BRIEF:
Exactly reproduce all the records, keeping pictures out of the copy.

BEGIN LISTED ENTRIES

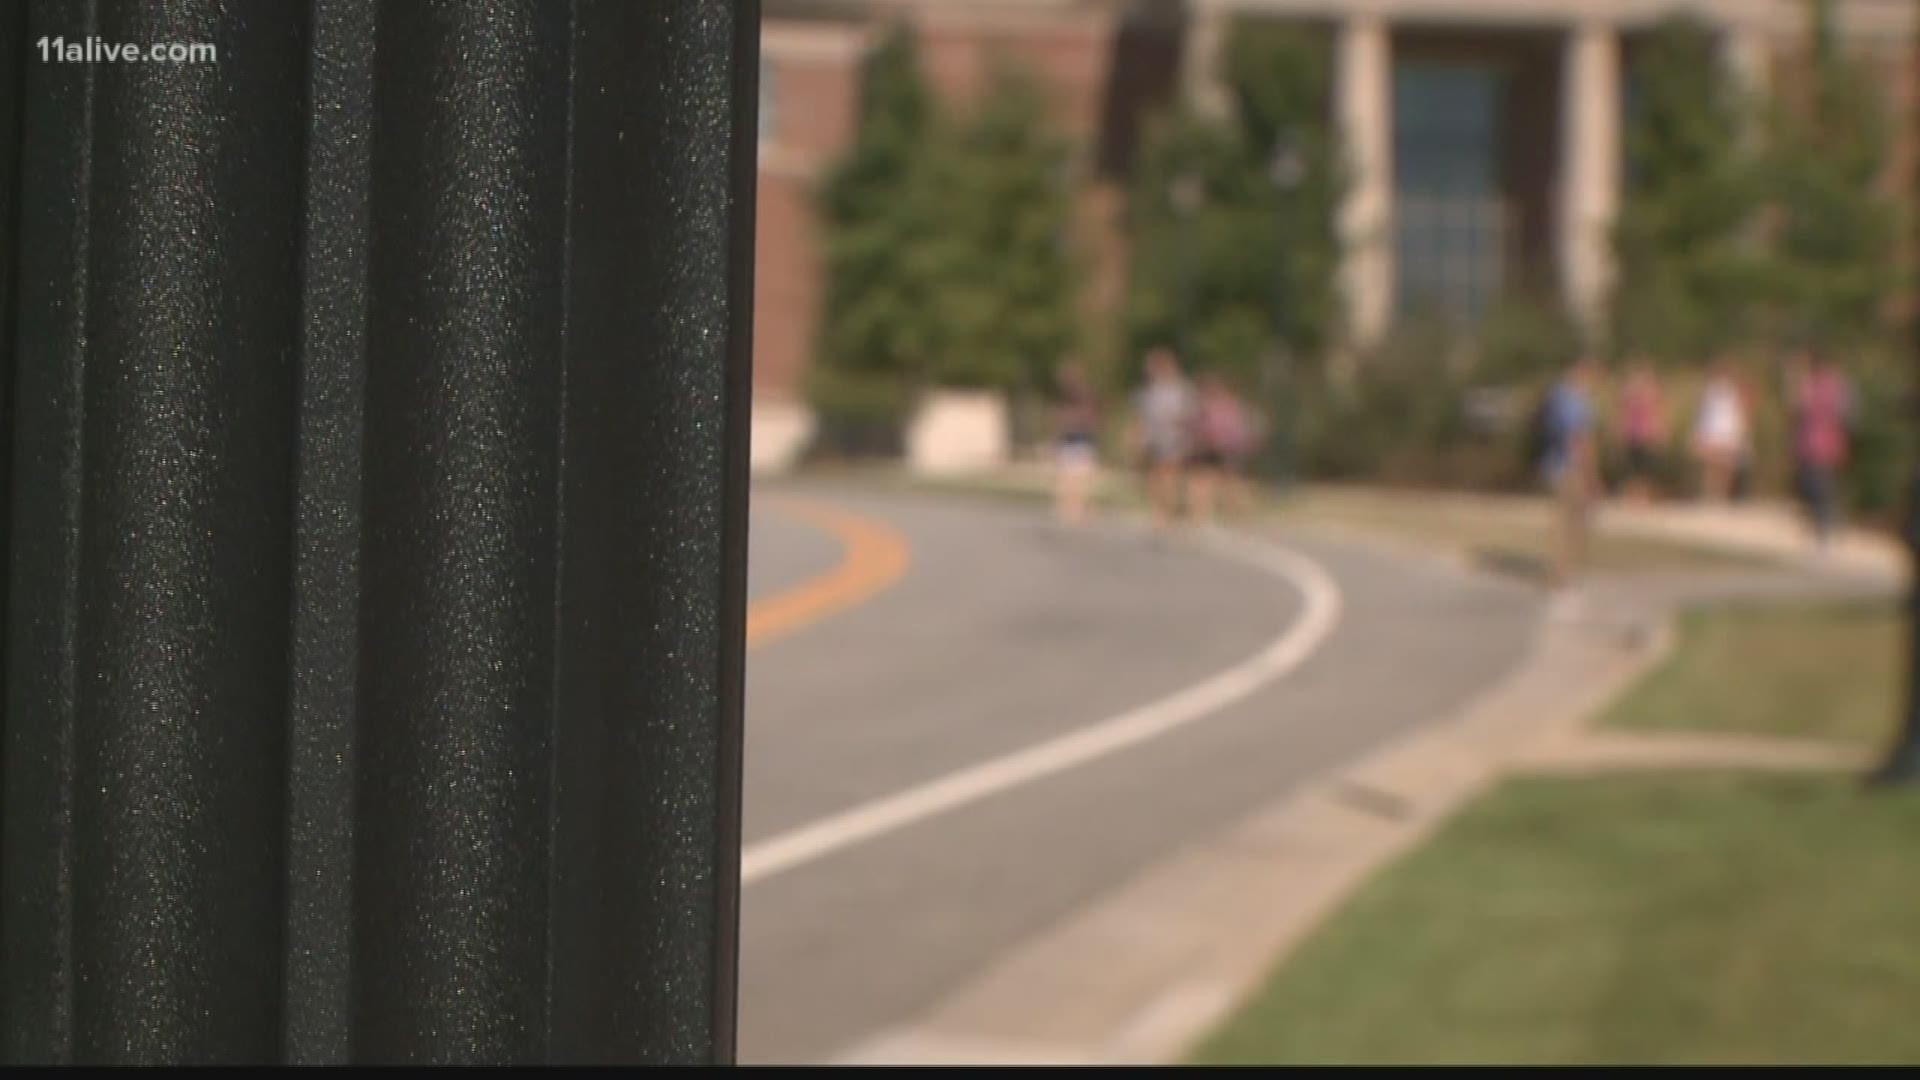 Tuition to Georgia’s state colleges is much cheaper for Georgia residents than it is for students who don’t live in Georgia.
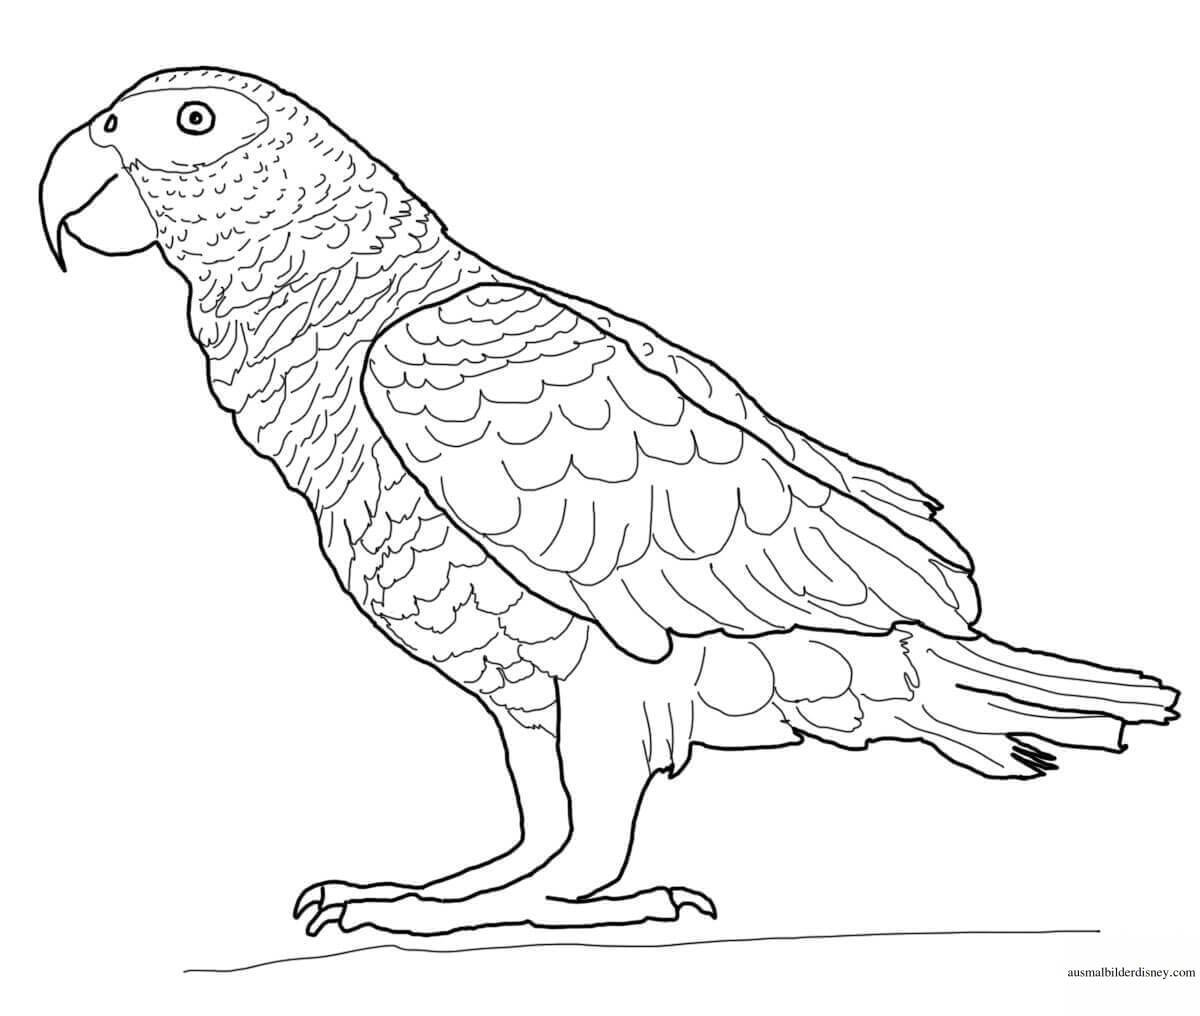 Inspirational parrot coloring book for kids
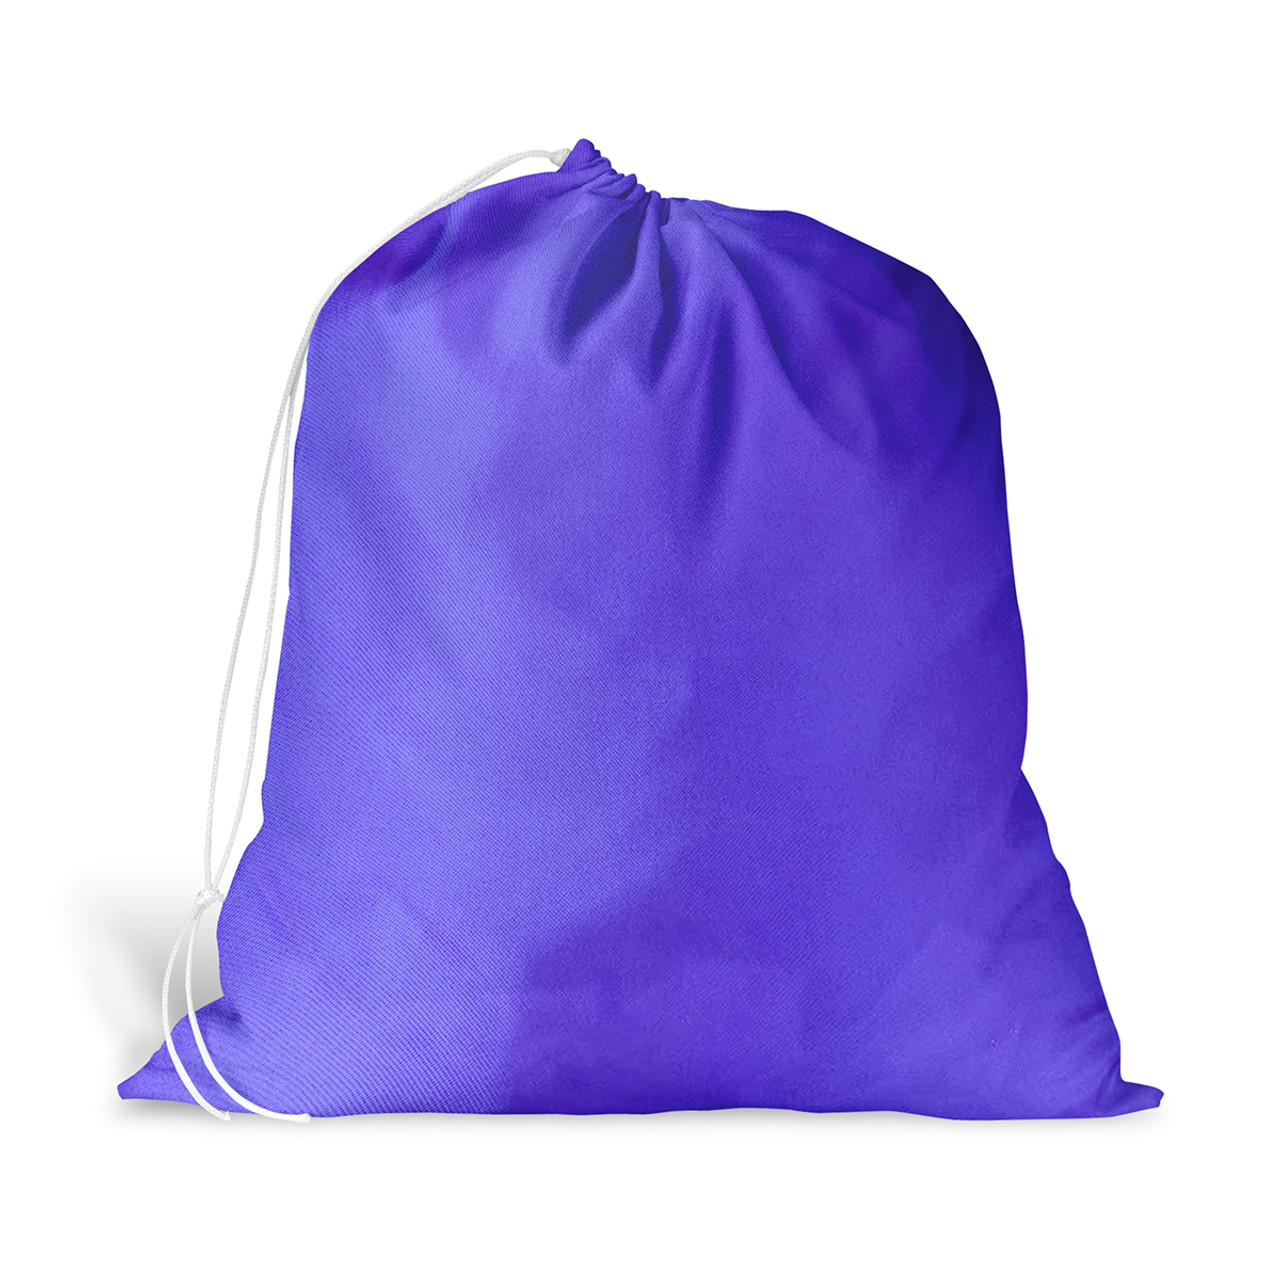 Heavy-Duty Large Nylon Clothes Laundry Bag with Drawstring Top Closure (2-Pack) product image
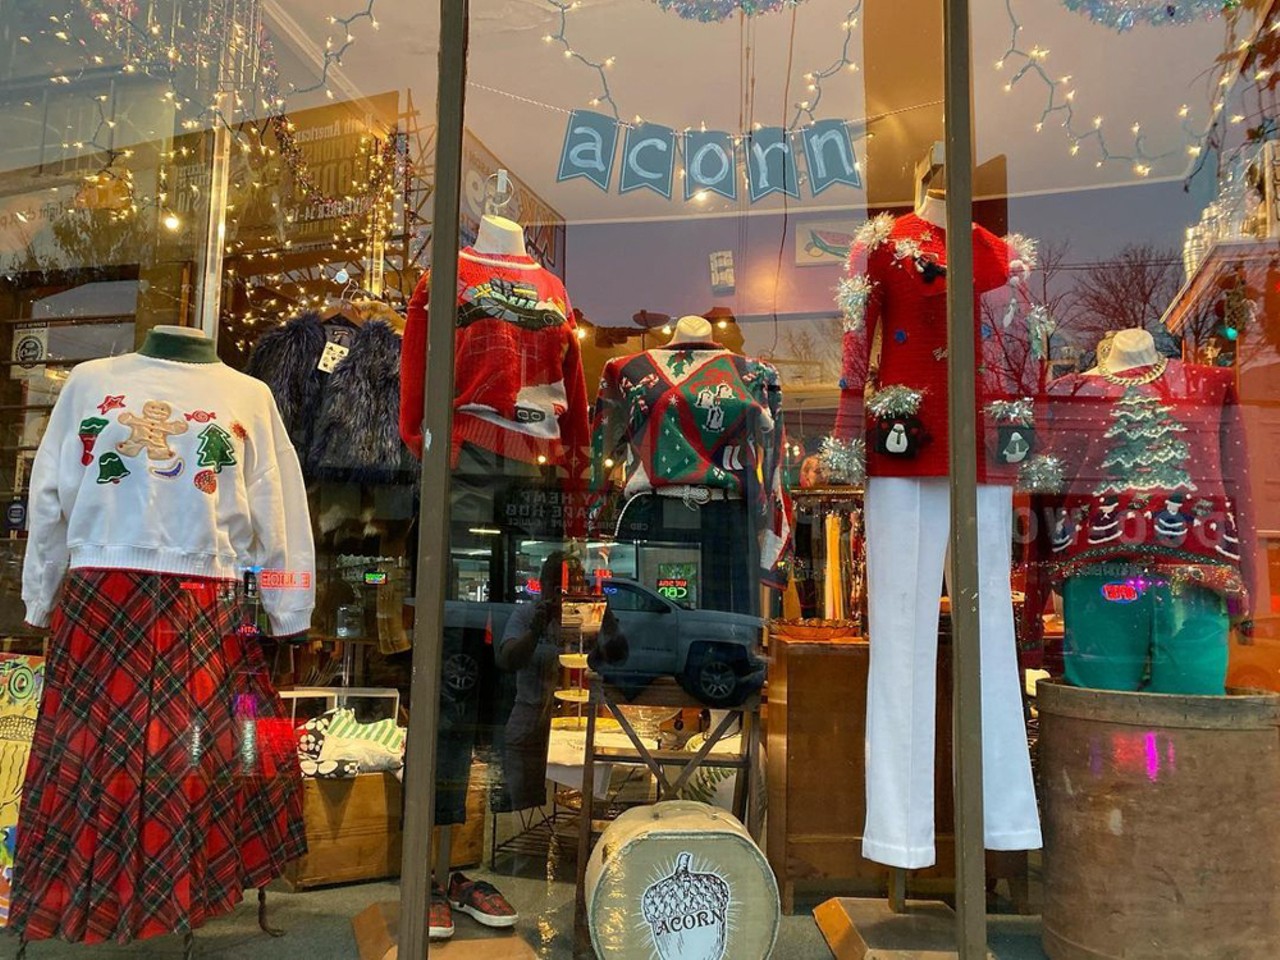  Acorn Apparel 
1602 Bardstown Road
Clothes are the star at this Bardstown Road store. Acorn says that they&#146;ve got the goods from the Victorian Era through the 80s.
Photo via acornapparel/Instagram

END LISTED ENTRIES

SOLUTION TO THIS PROBLEM:
 Tuition to Georgia’s state colleges is much cheaper for Georgia residents than it is for students who don’t live in Georgia.
 Inspirational parrot coloring book for kids
 Heavy-Duty Large Nylon Clothes Laundry Bag with Drawstring Top Closure (2-Pack) product image
  Acorn Apparel 
1602 Bardstown Road
Clothes are the star at this Bardstown Road store. Acorn says that they&#146;ve got the goods from the Victorian Era through the 80s.
Photo via acornapparel/Instagram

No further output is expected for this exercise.